Egypt startup eyes global industrial IoT
Spimesense Labs was born from corporate sluggishness: two friends were working at Ericsson when it was trying to work out just how big this Internet of Things (IoT) business was going to be.
When pleas to their managers to get aboard what they saw as the next big hit went nowhere, they jumped ship.
Spimesense Labs cofounders Bassem Boshra and Magdy Raouf saw a place for both an industrial IoT management system, which became their Master of Things platform, and for helping telcos manage the change in data use - from the big demands of Youtube videos to small bytes from many different devices.
IoT is the network of devices that are connected to the internet. These can be anything from a fridge to an industrial robot.
App-making for dummies
They built the software platform so businesses could manage many devices.
For example, if a company needed an app that sounded an alarm when water levels in a tank fell too low, it could build one using some simple ‘drag and drop’ features.
The ride started in September 2013 and today their main Master of Things platform has, as of August, four paying customers: water desalinator Ridgewood, the Information Technology Institute (ITI), Om EL Kora University in Saudi Arabia and a Kuwait postgraduate program.
The latter three use the platform as an IoT app tool for students, while the former uses it to monitor 48 facilities on Egypt’s Red Sea, Matrouh and Sinai coastlines.
Egypt’s not into IoT yet
IoT isn’t widely used in Egypt nor is it a field that has attracted many new companies - many are big manufacturers which make devices for export such as Alex Sensors.
Wamda identified one industrial IoT startup called Nilebot which is developing technology to monitor water in fish farms.
Others are consumer oriented such as Qabess which makes smart plugs or Solace, a smart lock product currently being sidelined by parent company App Lab.
The problem for both consumers and industrial customers is the same: both want to connect multiple devices to the same management platform. Where Smart Things will speak to all different kinds of connected devices in the home, Spimesense Labs’ Master of Things seeks to do the same with industrial devices.
Foreign customers, foreign competitors
Boshra, who is also the CEO and on Egypt’s IoT Forum’s steering committee, said low-fi Egypt was not their market.
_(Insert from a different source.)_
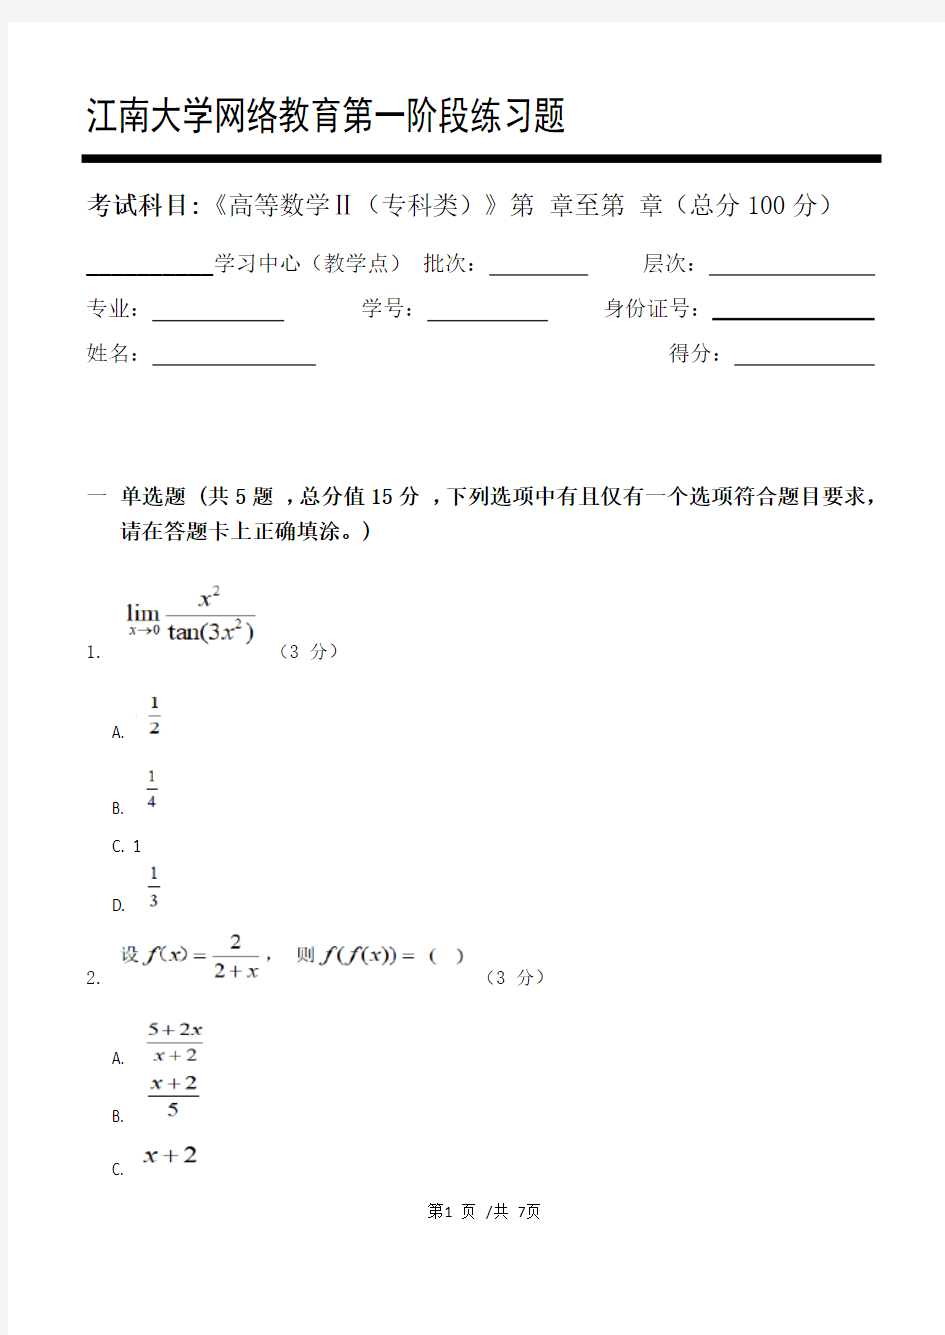 高等数学Ⅱ(专科类)第1阶段练习题   江南大学  考试题库及答案  一科共有三个阶段,这是其中一个阶段。

Instead they’re going global. In 2015 they partnered with Sigfox, a global, specialized IoT network which makes money from device traffic. It needs products like Master of Things, as these are the platforms on which companies create the channels - applications - through which data traffic flows.
Boshra said thanks to the partnership they were talking to potential customers from the Czech Republic, Australia and Mexico.
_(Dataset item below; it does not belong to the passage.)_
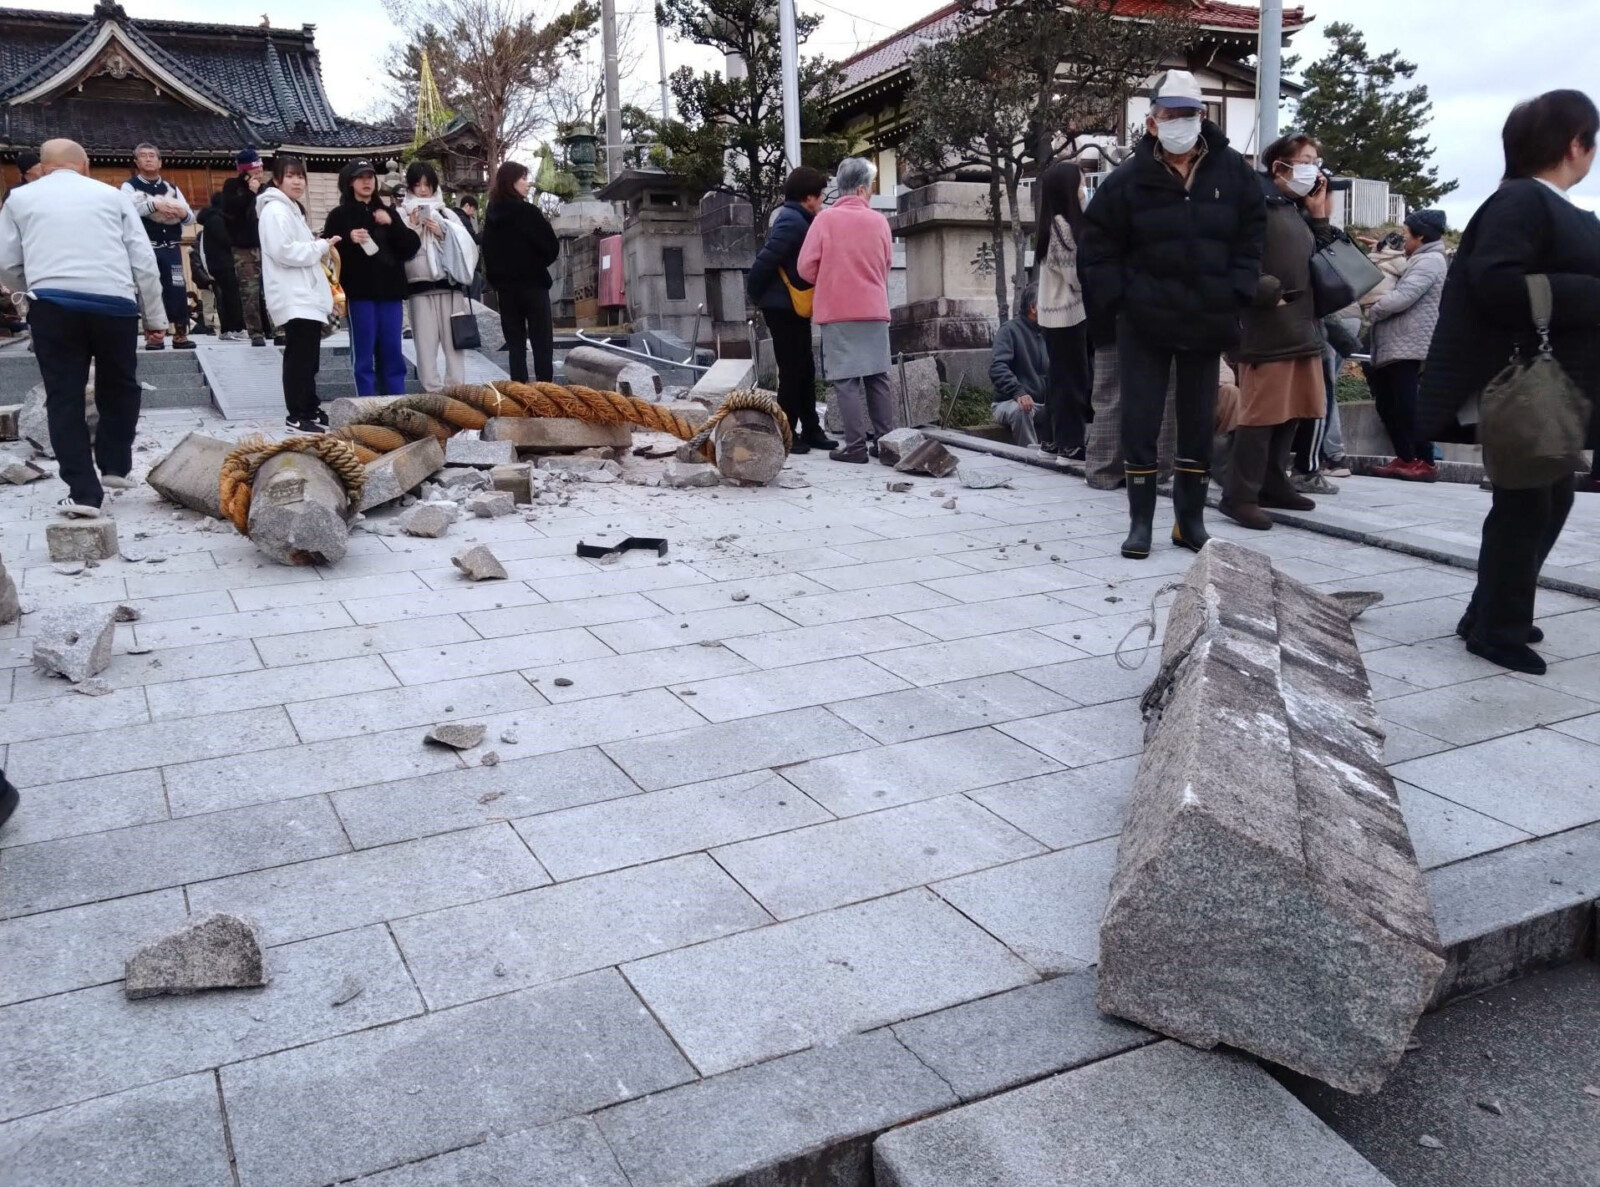 הרס בקנזאווה במרכז יפן בעקבות רעידת האדמה (צילום: Kyodo via Reuters)
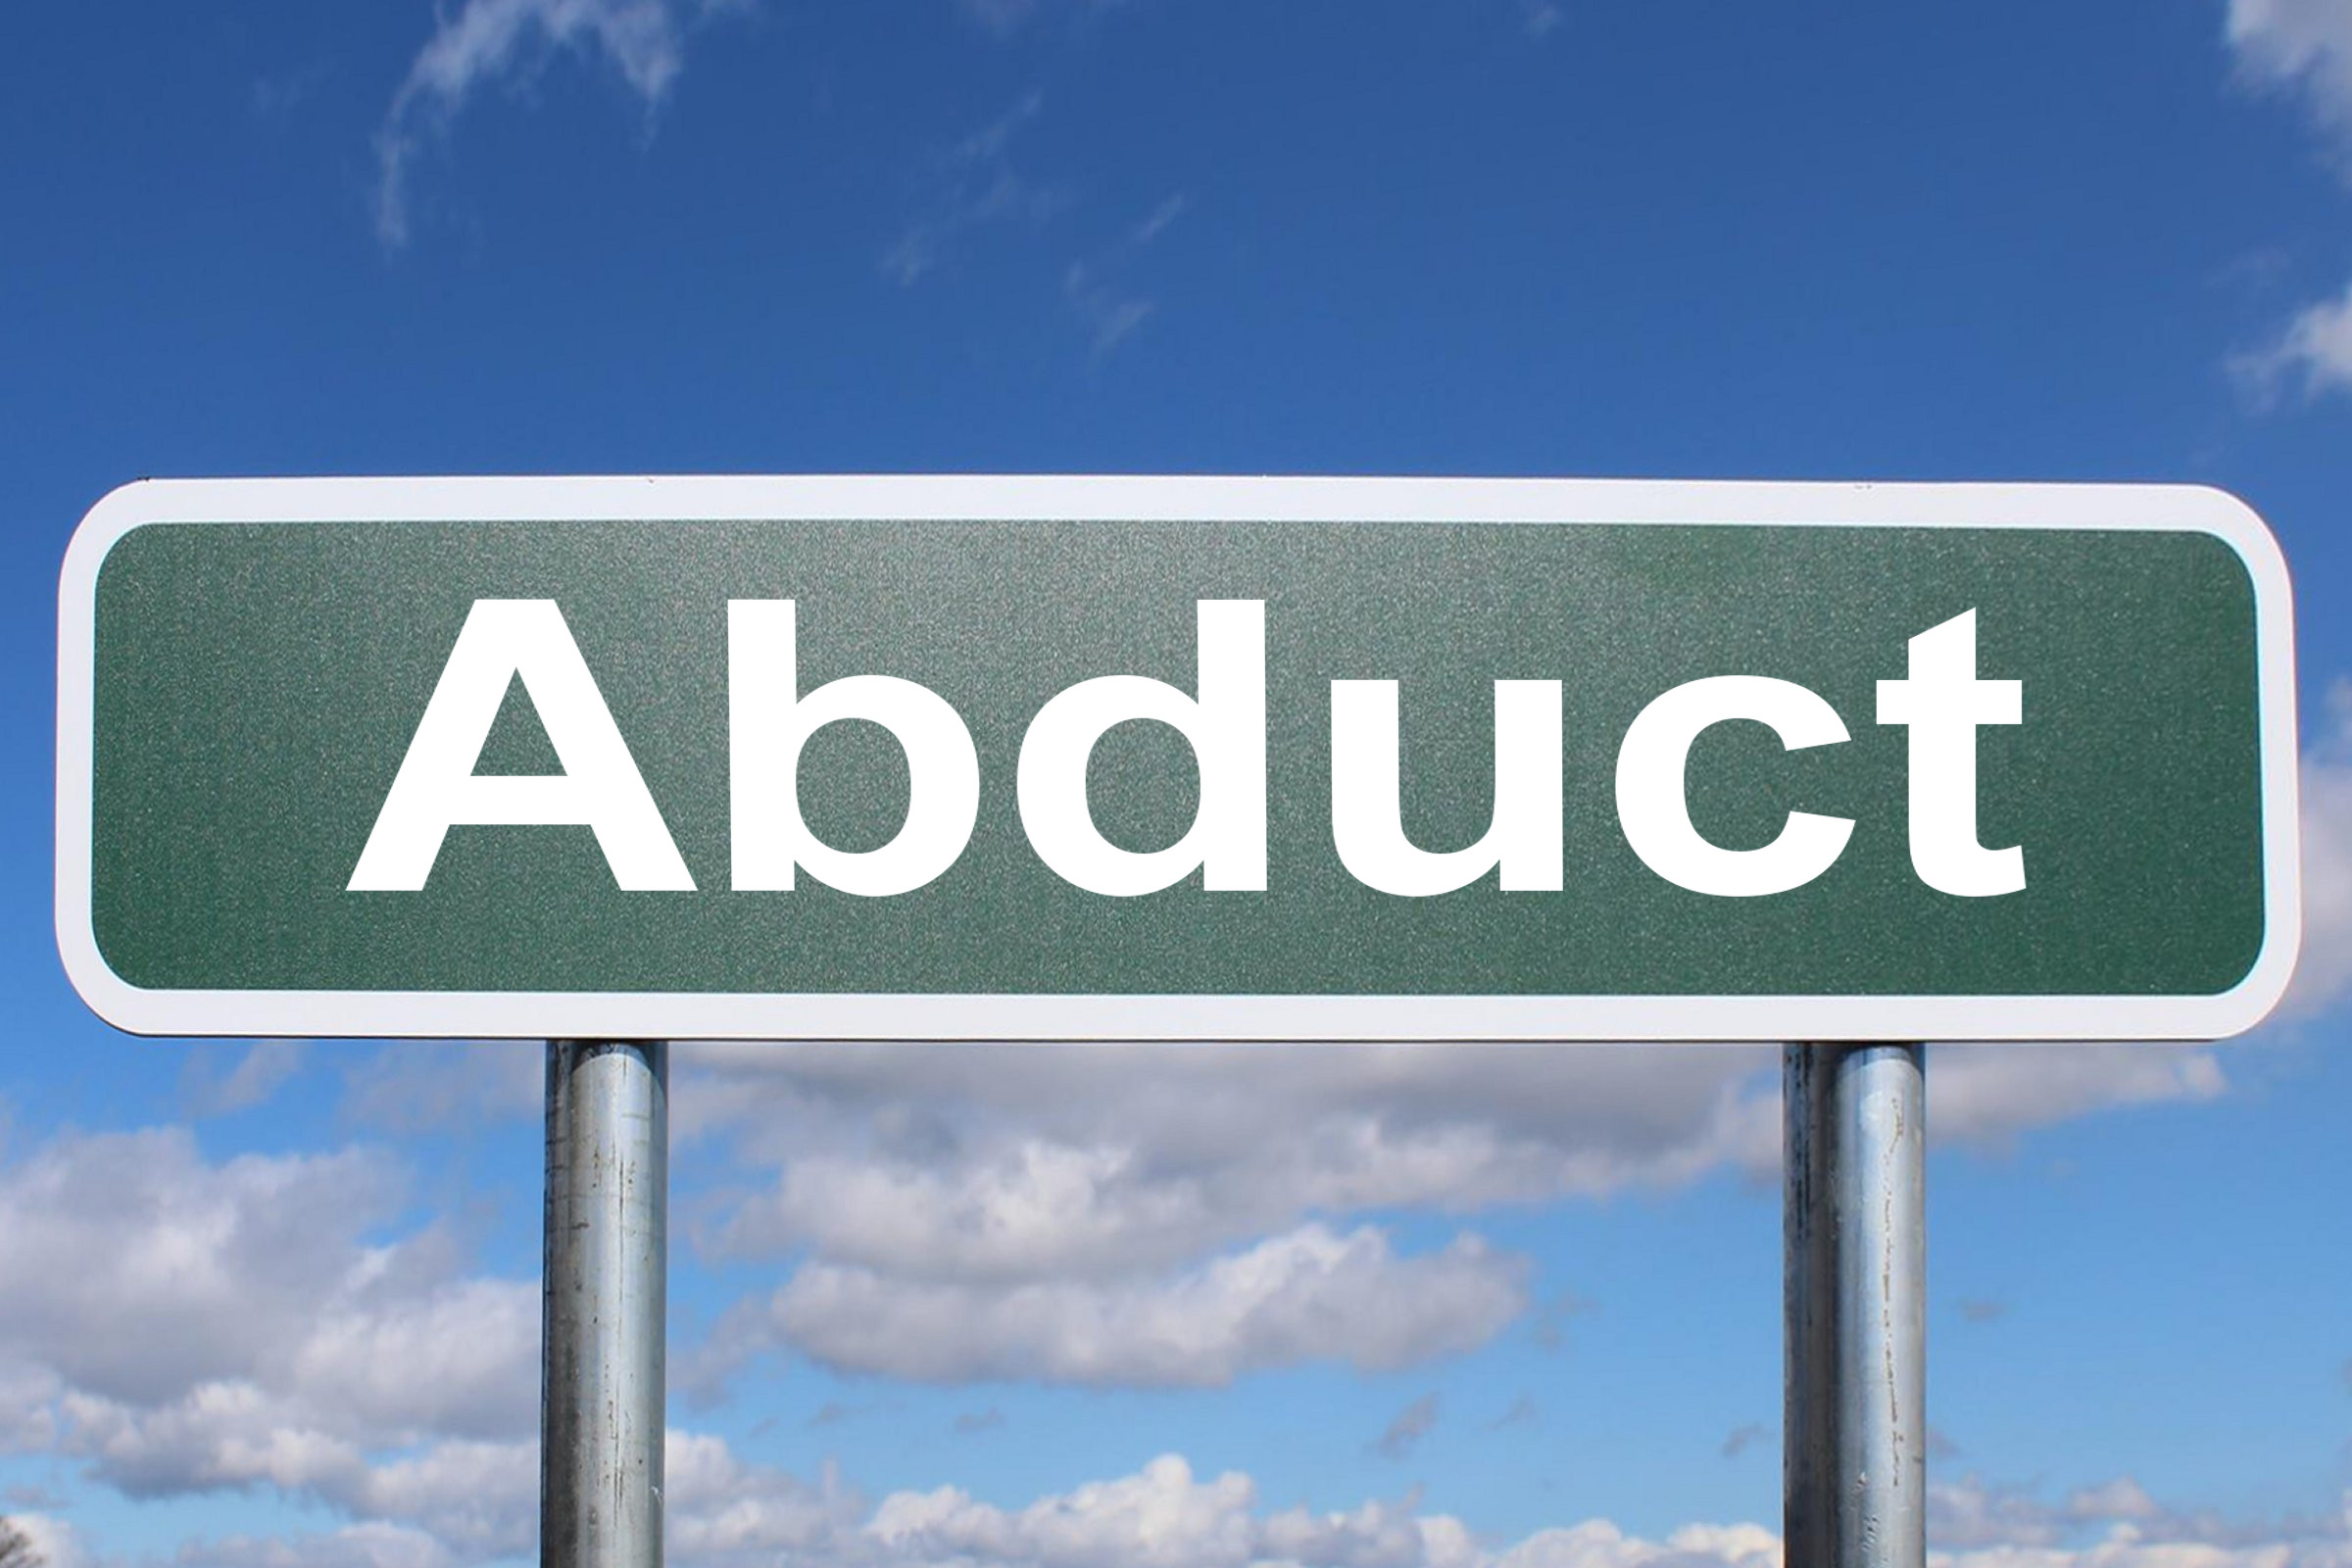 abduct

"Their first reaction to us being an Egyptian company is that it's strange to find an IoT platform provider in Egypt,” he said. “The thing we're hearing from all the ones who are trialing our platform... is it's easy to use compared to others."
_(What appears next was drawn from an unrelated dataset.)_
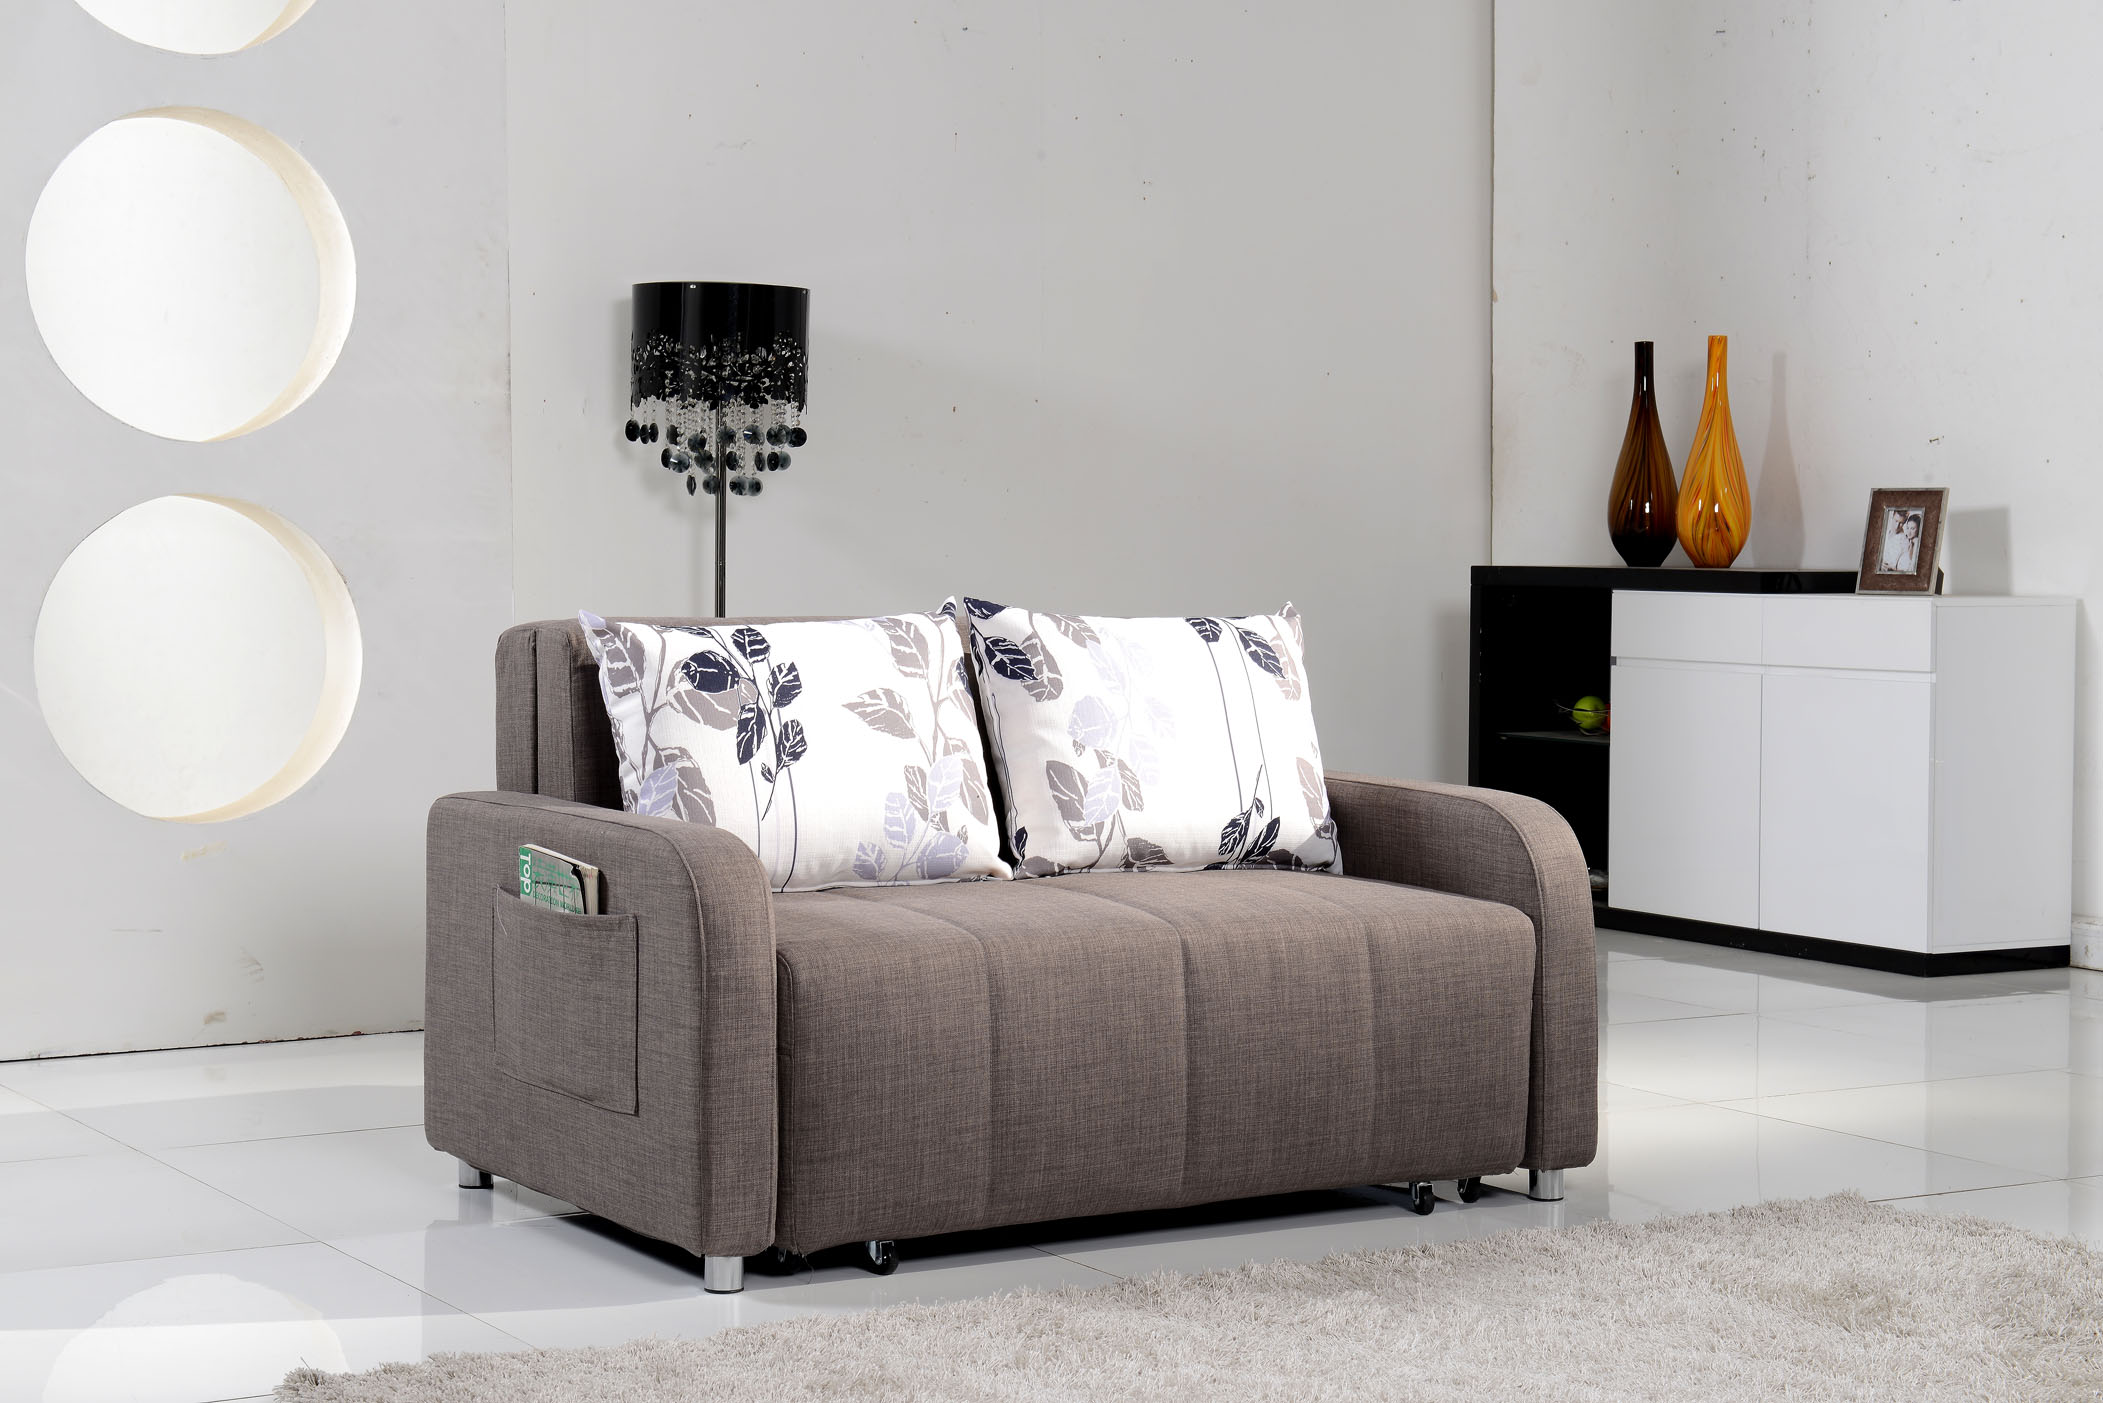 Компактный диван кровать - идеальная мягкая мебель для маленькой комнаты

This is useful intel, since Spimesense Labs is going up against global giants such as GE’s Predix software. Boshra said he’d identified five direct rivals such as VOT Platform, while the Sigfox site names 21 similar products.
Still a startup
Despite the global goals, Spimesense Labs is still an Egyptian startup at heart.
They got their first taste of startup competition at Cairo Innovates in 2014, and Master of Things made it through to the semifinals of the startup track at this year’s MIT Enterprise Forum Startup Competition. A mobility app based on the Master of Things platform went through to the top 10 in the social entrepreneurship track.
They’re currently working with a $56,000 grant from the government tech hub ITIDA to develop the software for a smart agriculture irrigation management system.